| WORK INSTRUCTION |
Retype, exactly and completely, the listing that comes next, skipping its images.

| INFORMATION SUPPLIED |
BEGIN

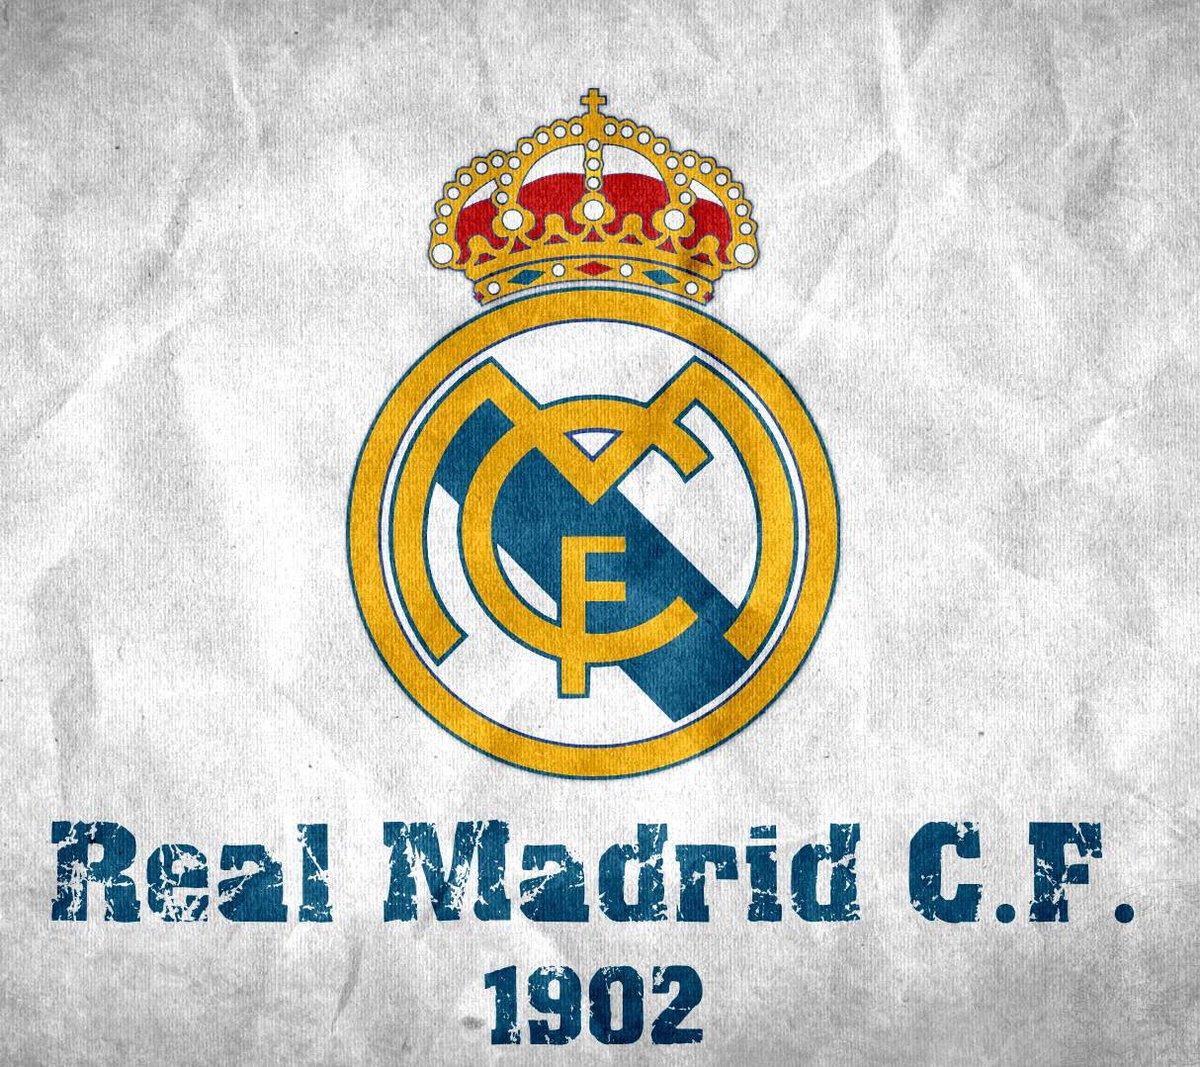 7d0644044761a Libros de futbol on Twitter
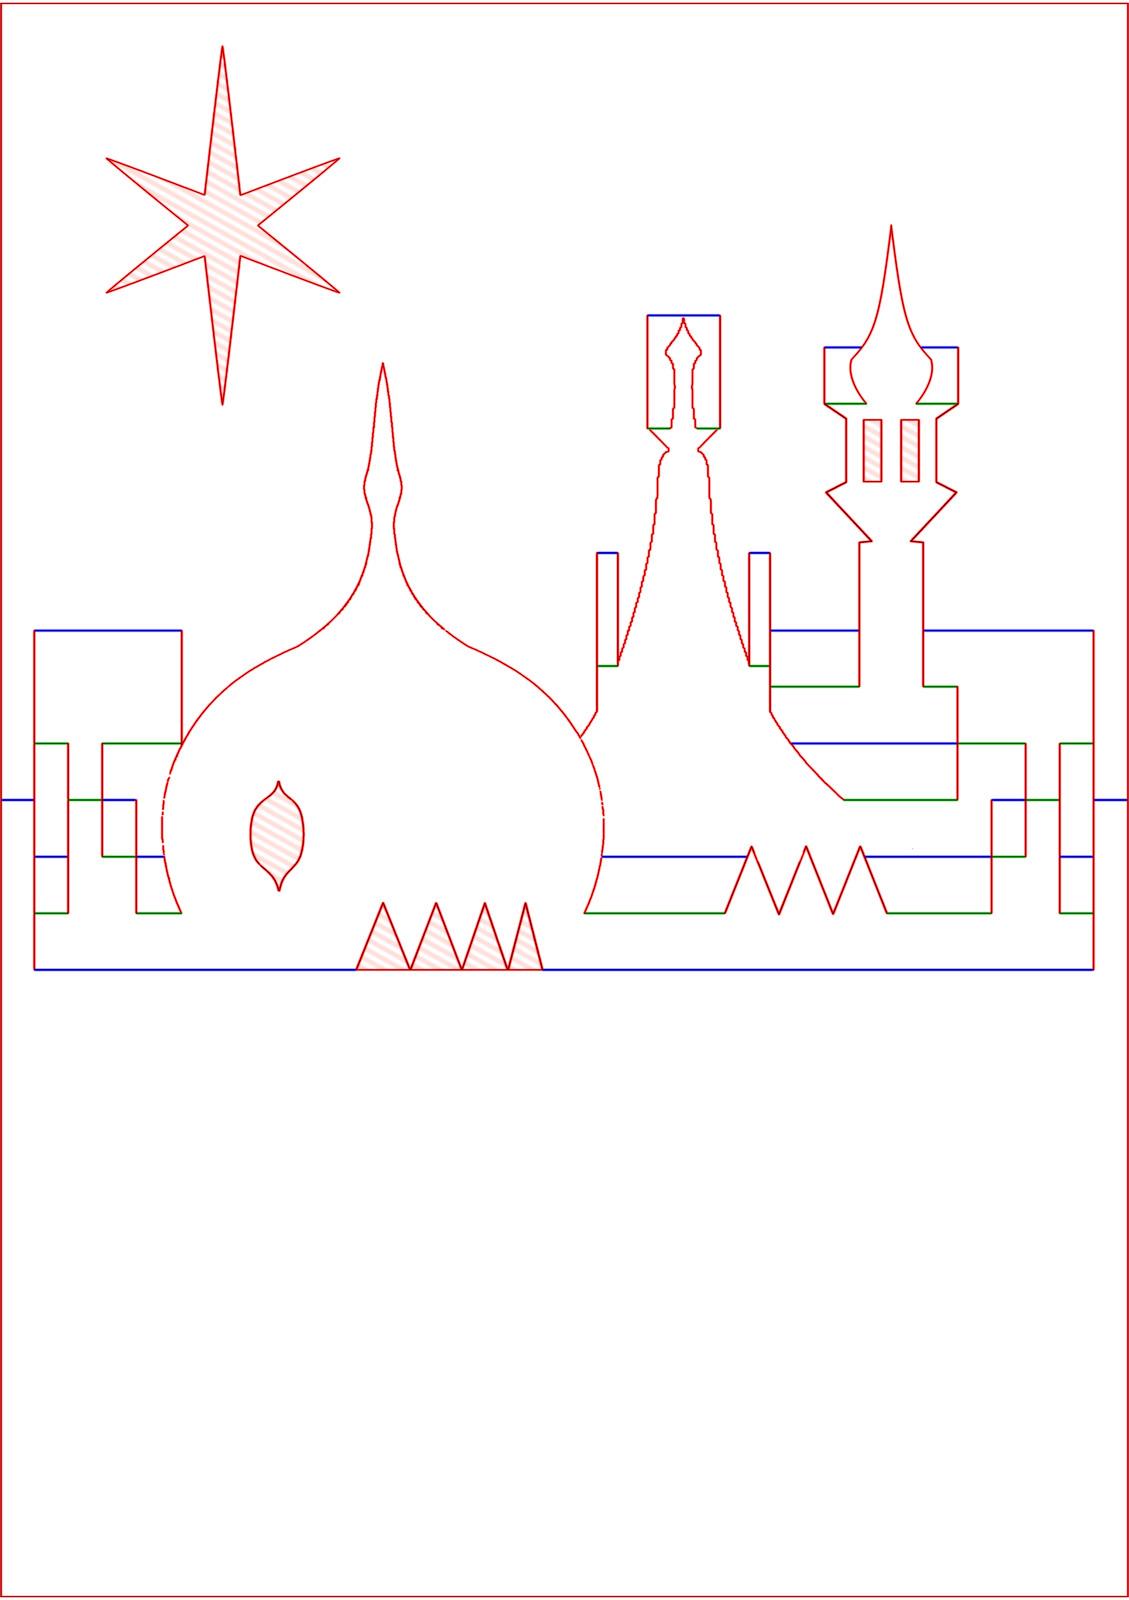 hight resolution of kirigami diagram pop up card prince regent royal brighton pavilion rooftop skyline
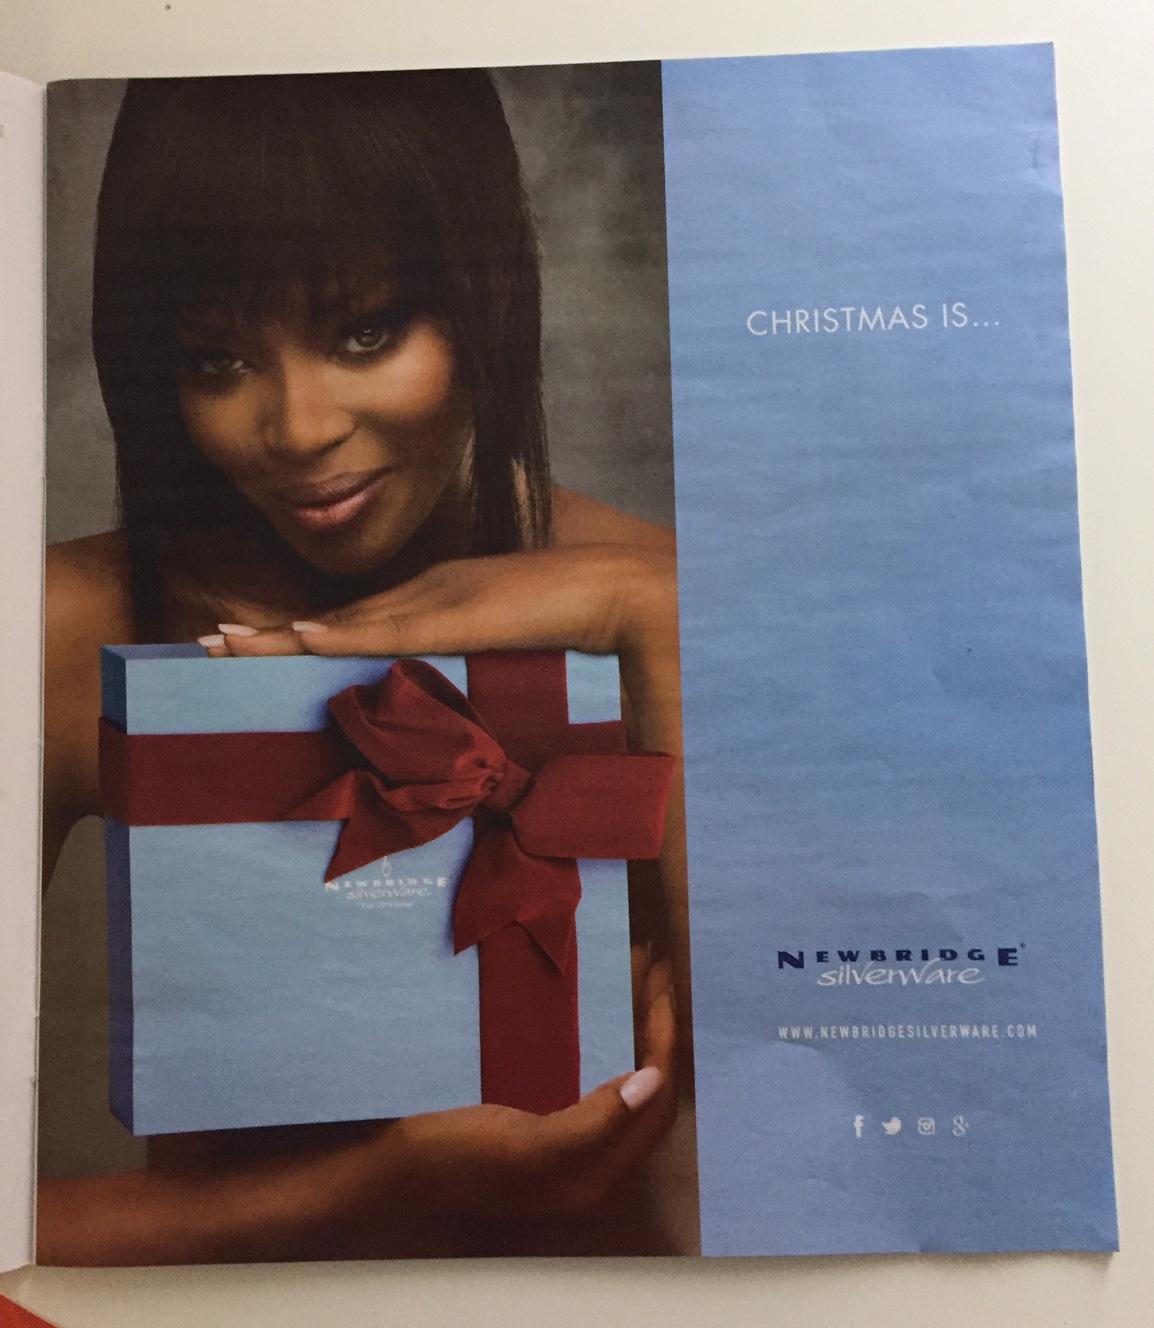 Newbridge Silverware – Christmas is

END

| RESPONSE FOR THIS EXERCISE |
 7d0644044761a Libros de futbol on Twitter
 hight resolution of kirigami diagram pop up card prince regent royal brighton pavilion rooftop skyline
 Newbridge Silverware – Christmas is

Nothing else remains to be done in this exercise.